Quoting Chris Wilson (2020-07-14 19:30:39)
> Quoting Bas Nieuwenhuizen (2020-07-14 19:17:21)
> > On Tue, Jul 14, 2020 at 6:26 PM Chris Wilson <chris@xxxxxxxxxxxxxxxxxx> wrote:
> > >
> > > Quoting Bas Nieuwenhuizen (2020-07-14 16:41:02)
> > > > Calltree:
> > > > timeline_fence_release
> > > > drm_sched_entity_wakeup
> > > > dma_fence_signal_locked
> > > > sync_timeline_signal
> > > > sw_sync_ioctl
> > > >
> > > > Releasing the reference to the fence in the fence signal callback
> > > > seems reasonable to me, so this patch avoids the locking issue in
> > > > sw_sync.
> > > >
> > > > d3862e44daa7 ("dma-buf/sw-sync: Fix locking around sync_timeline lists")
> > > > fixed the recursive locking issue but caused an use-after-free. Later
> > > > d3c6dd1fb30d ("dma-buf/sw_sync: Synchronize signal vs syncpt free")

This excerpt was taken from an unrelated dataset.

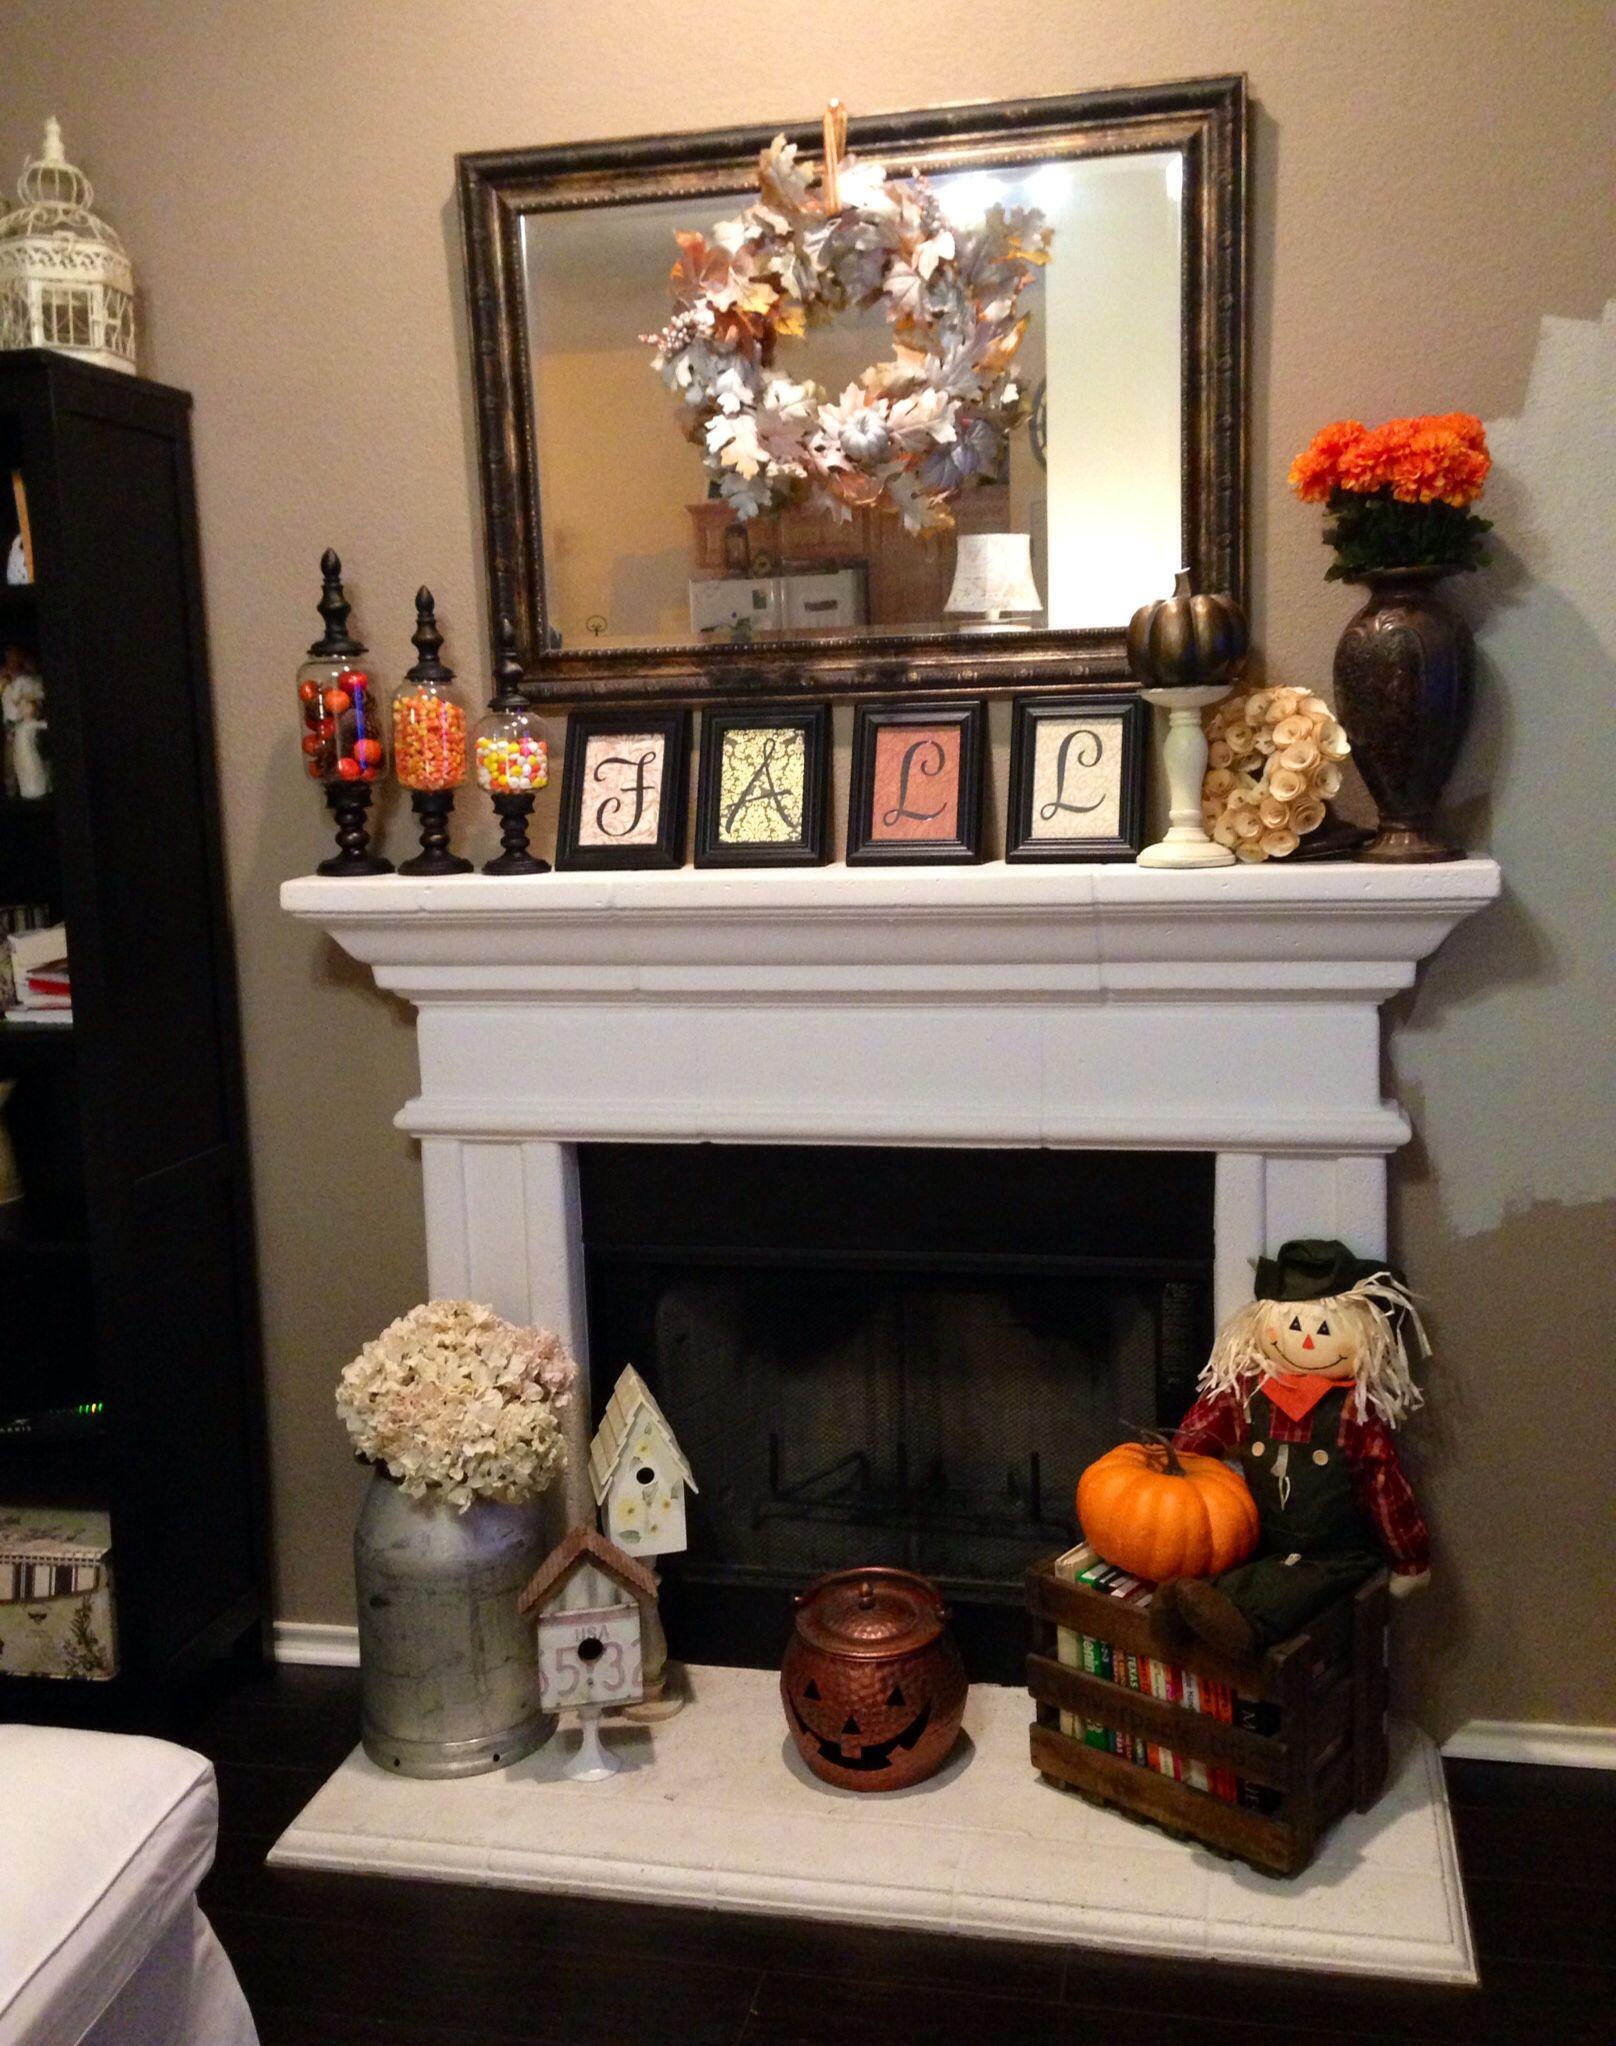 mantelpiece fireplace mantel decorating for decor home gas room designs ideas inside interiors living decoration

> > > > fixed the use-after-free but reintroduced the recursive locking issue.
> > > >
> > > > In this attempt we avoid the use-after-free still because the release
> > > > function still always locks, and outside of the locking region in the
> > > > signal function we have properly refcounted references.
> > > >
> > > > We furthermore also avoid the recurive lock by making sure that either:
> > > >
> > > > 1) We have a properly refcounted reference, preventing the signal from
> > > > triggering the release function inside the locked region.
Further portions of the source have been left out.